Regarding postoperative de novo GERD, 94 patients (37.15%) had newly developed GERD symptoms, the majority of which (58.5%) were mild in severity. Proton pump inhibitors were prescribed to 35.1% of them, and the results were satisfactory for all of them. Descriptive statistics of postoperative de novo GERD among the studied group are shown in Table 5.

Table 5 Descriptive Statistics of Postoperative de Novo GERD

Postoperative de novo GERD symptoms of patients with HH repair occurred in 9.1% in group B and 11.1% in group D; that was significantly less compared to 40.9% in group A and 40.5% in group C, whose patients had no HH. Furthermore, all patients who developed de novo GERD after HH repair had mild symptoms. This was found to be significant.

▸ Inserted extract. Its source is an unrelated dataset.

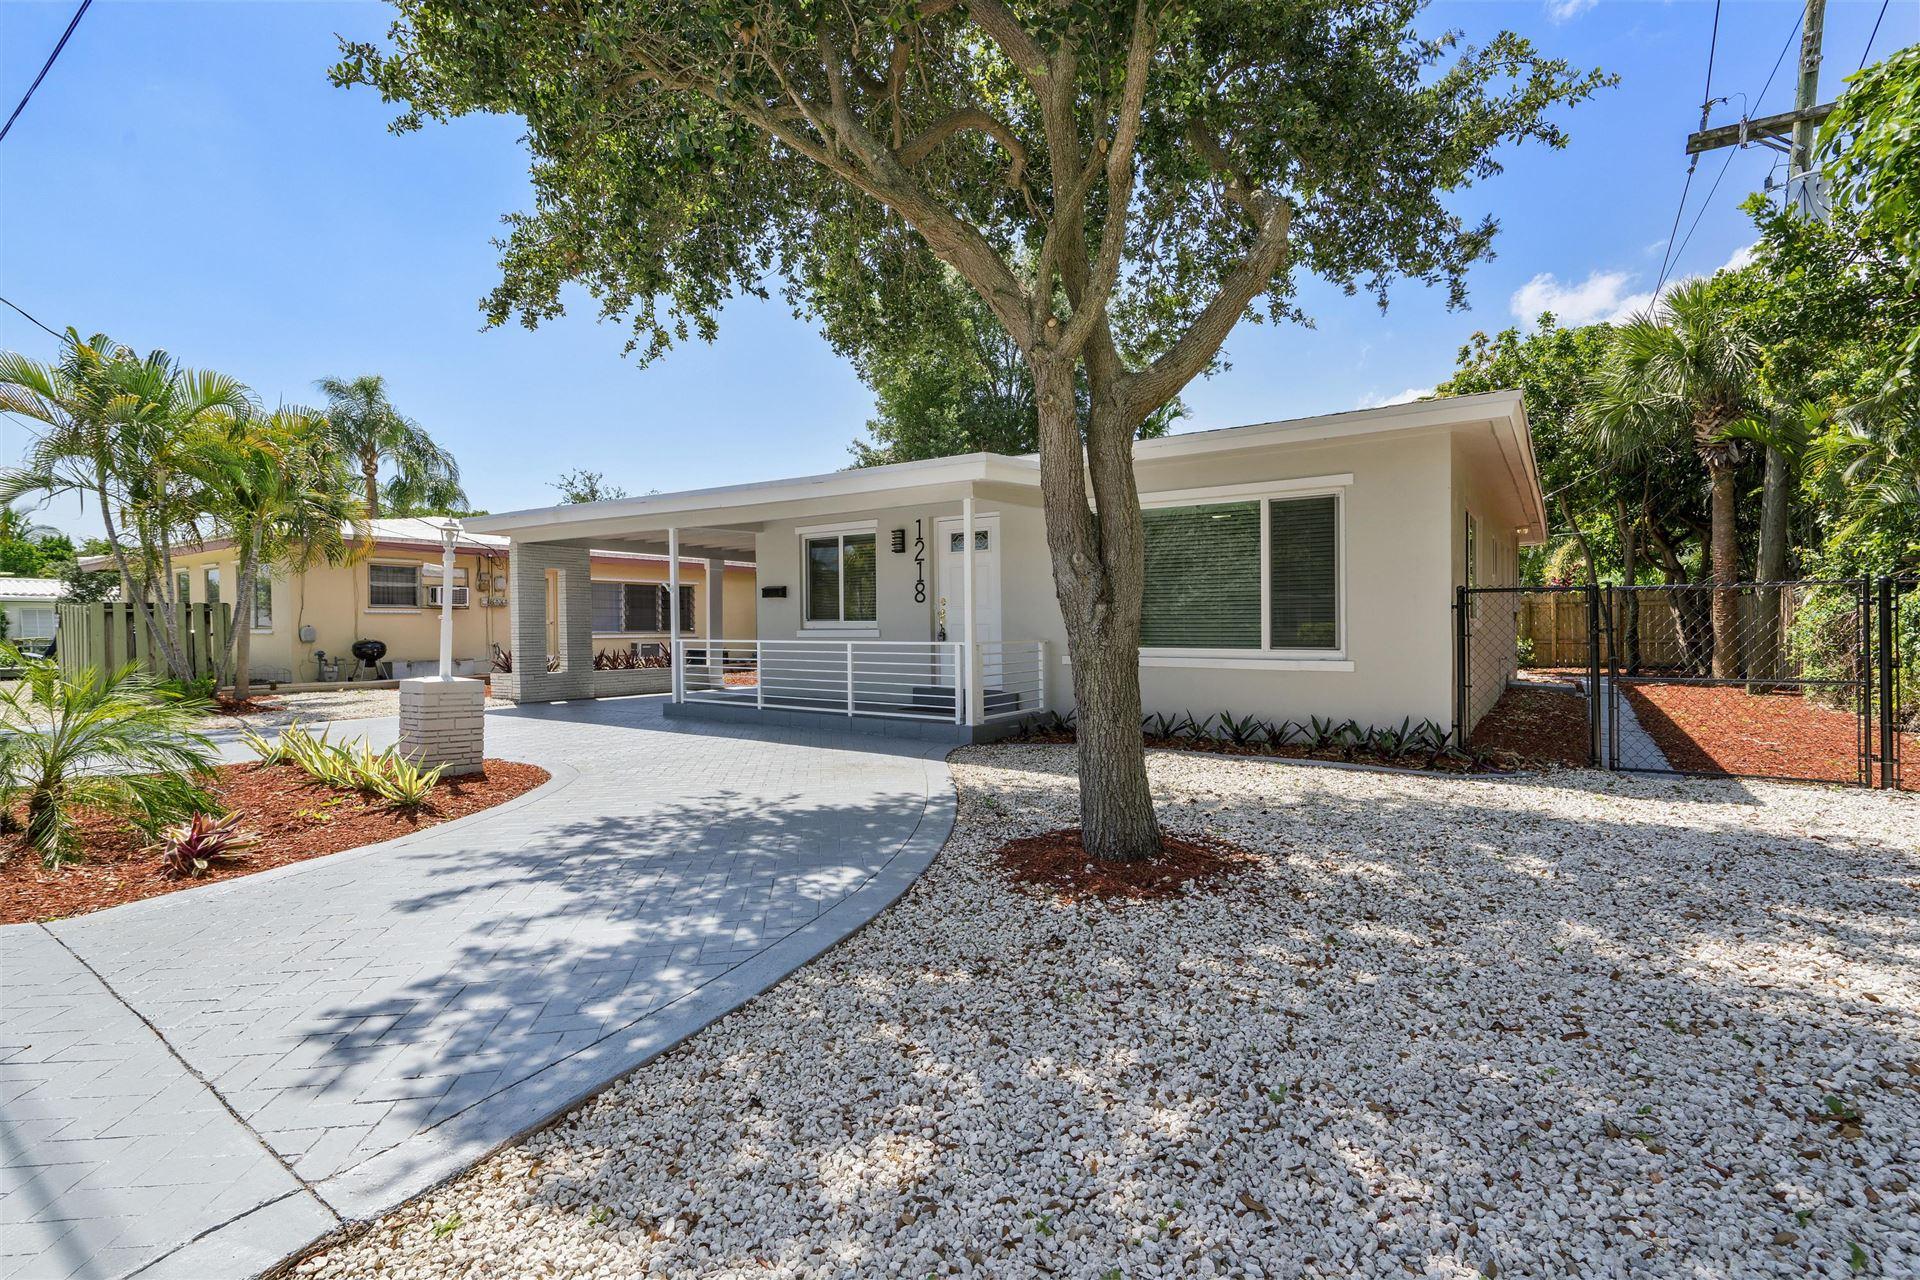 1218 NE 12th Street, Fort Lauderdale, FL 33304 - #: RX-10705027

Postoperative de novo GERD symptoms were observed in 36.9% of patients who underwent gastropexy as part of the LSG procedure. Out of 131 patients who underwent gastropexy with no HH repair in Group C, denovo GERD symptoms were found in 40.5%, compared to 40.9% in patients with no gastropexy in Group A. This difference was found to be insignificant. In addition, there was no significant difference between patients with and without gastropexy in the distribution of the severity of postoperative de novo GERD symptoms. A comparison between the four groups regarding the development of postoperative de novo GERD symptoms and their severity is shown in Table 6.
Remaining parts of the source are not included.